Сережа ушел продолжать поиски, а Таня и Горяев остались в темном вагончике. Таня сидела, обхватив колени руками, смиряя дрожь. Ей хотелось куда-то бежать, кричать, расспрашивать, но она сидела, боролась с паникой – куда бежать, кого расспрашивать?
– Есть все-таки предел чудачествам, – сказал Горяев.
– Дай закурить. Спасибо. Ты о ком?
– О Марвиче. О ком же еще? Полезнее было бы ему быть сейчас в Москве.
– Он здесь работает по своей специальности, – сказала Таня.
Сейчас она была уверена в правильности Вальки, в мудрости и логичности всех его поступков, вот только куда он девался?
– Его искали люди с киностудии, – раздраженно сказал Горяев, – хотели заключить договор. Где он был в это время?
– Он, кажется, знает об этом, – тихо сказала Таня, у нее вдруг разболелась голова.
– Пора ему работать профессионально. Я говорил с ним, а он плетет какую-то ахинею, пижон!
– Тише, Юра, – Таня прилегла на подушку.
– Он что, собирает здесь материал для книги?

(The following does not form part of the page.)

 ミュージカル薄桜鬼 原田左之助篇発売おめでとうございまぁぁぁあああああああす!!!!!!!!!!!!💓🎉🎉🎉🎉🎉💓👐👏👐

– Возможно. Почему ты так раздражен?
– Напрасно он темнит.
– Где он?
– Найдется.
– А вдруг нет?
– Он сейчас пишет что-нибудь?
Ее раздражал тон Горяева, но в то же время ее успокаивало, что он говорит о Вальке, о каких-то конкретных, практических его делах, и ей казалось, что сейчас откроется дверь и Валька войдет и ввяжется в спор с Горяевым.
– Пишет, кажется. Рассказ. Вон на столе листы.

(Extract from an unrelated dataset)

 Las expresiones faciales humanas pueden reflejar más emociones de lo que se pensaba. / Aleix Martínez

Горяев взял со стола листы и прочел:
«Валентин Марвич. Полдома в Коломне (рассказ).
Когда из-за потемневшего от времени забора сквозь пышные акации я вижу маленький мещанский дворик с чисто выметенной дорожкой, с поникшим кустом настурции, с кучей желтых листьев, со скамейкой и столиком на подгнившей ноге, и окна в резных наличниках, не деревенские, а именно мещанские, пригородные, мне хочется остановиться и посмотреть на все это подольше, задержать все это в глазах, чтобы вспомнить о той тихой русской жизни, какой ни я, ни брат мой, ни даже отец никогда не жили.
Может быть, только дед.
Константин нетерпеливо отстранил меня, оттолкнул калитку и побежал по дорожке. Черный сюртук его с золотыми погонами замелькал среди ветвей, что еще усилило литературное воспоминание о старине, о тихом, установившемся культурном быте с внезапными возгласами радости, с неожиданным шумом, с шумными короткими визитами флотских сыновей.

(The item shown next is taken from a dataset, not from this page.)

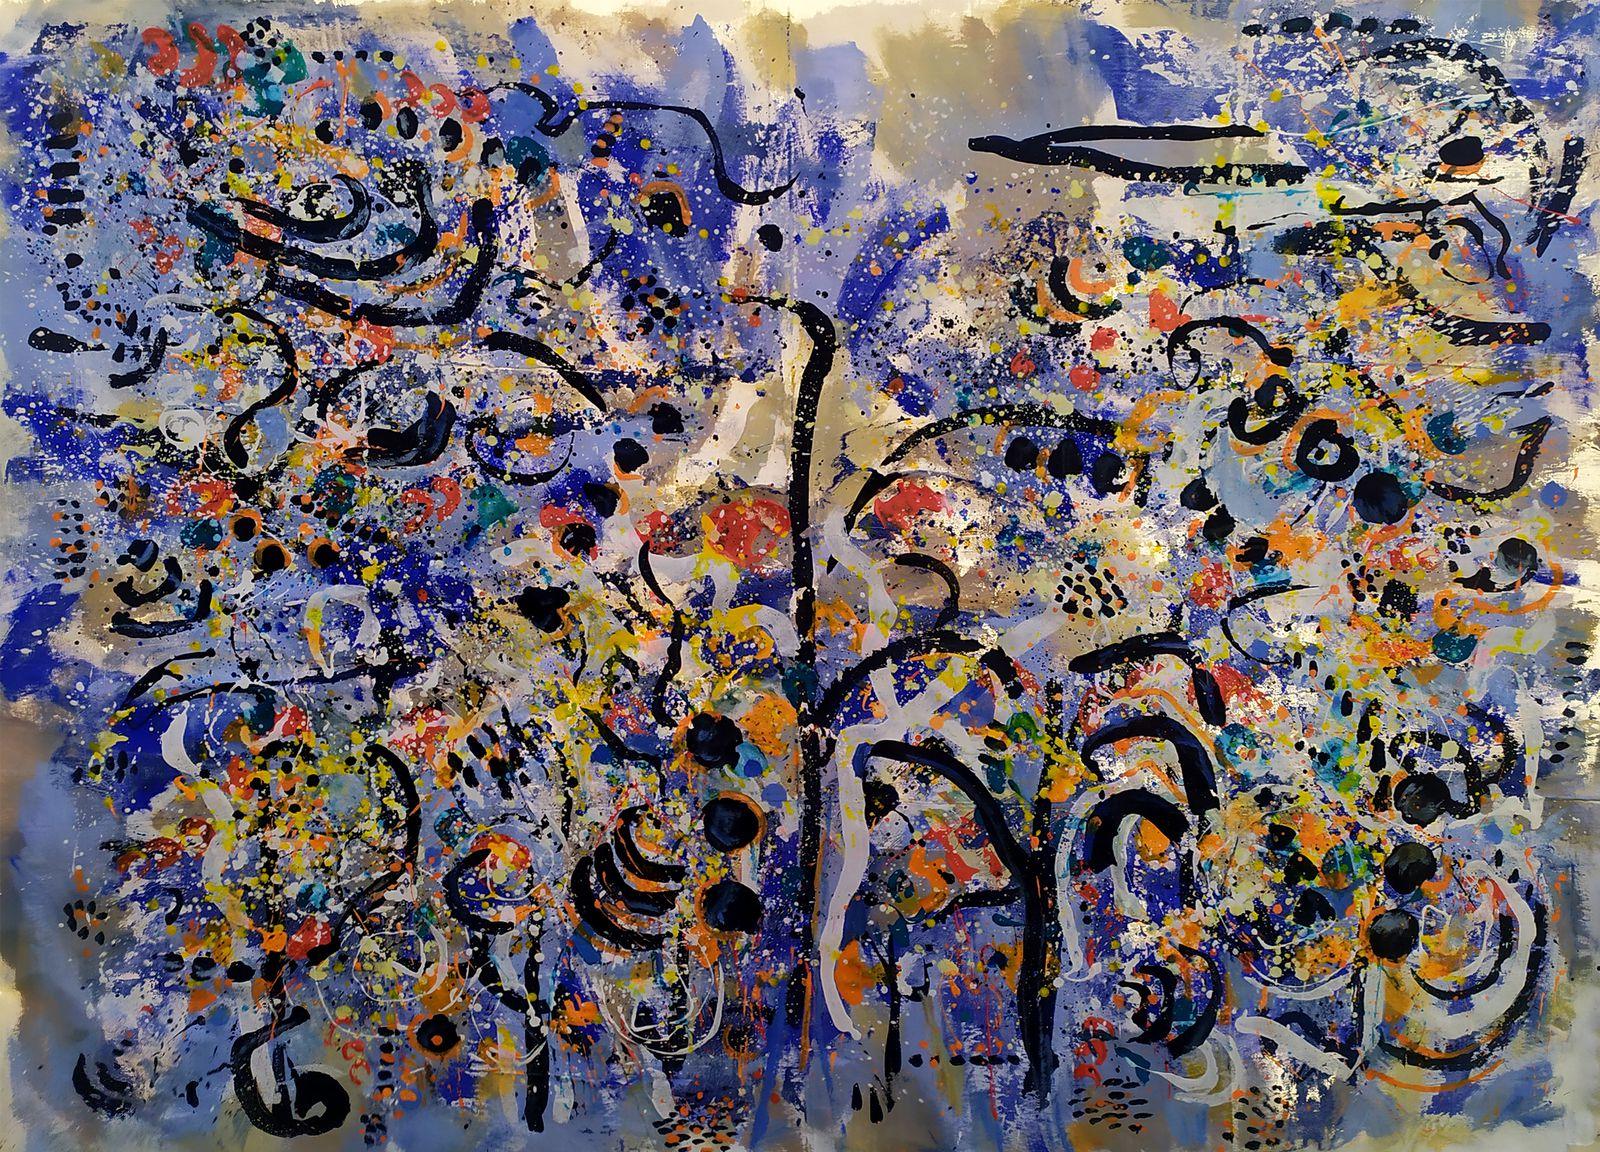 Valse n°2 - Acrylique sur drap de lin - 160 x 220 cm - Muriel CAYET

Не знаю, было ли это только литературным воспоминанием или здесь участвовала наследственная память, странная и неведомая до поры работа мозга, но я вошел в палисадник, словно под музыку, словно под вальс «Амурские волны», словно из японского плена – горло мое перехватило волнение.
Отец уже спускался нам навстречу, крича, трубя, сморкаясь и откашливаясь.
– Опять без телеграммы?! Мерзавцы! Стервецы! Мало вас пороли!
Никогда он нас не порол и никогда не называл такими ласковыми словами, вообще совсем не так себя держал, но сейчас почему-то он точно подыгрывал моему настроению.
Дорожка к крыльцу была выложена по обе стороны кирпичами, поставленными косо один к одному, так, что получался зубчатый барьер. На столике в саду лежали отцовы очки и развернутый номер «Недели». Отец был в кителе, наброшенном на плечи, и в начищенных до блеска сапогах. Я стоял, обремененный чемоданами и смотрел, как жадно отец обнимается с Константином.
– А теперь очередь рядового состава, – хохотнул Константин, отстраняясь.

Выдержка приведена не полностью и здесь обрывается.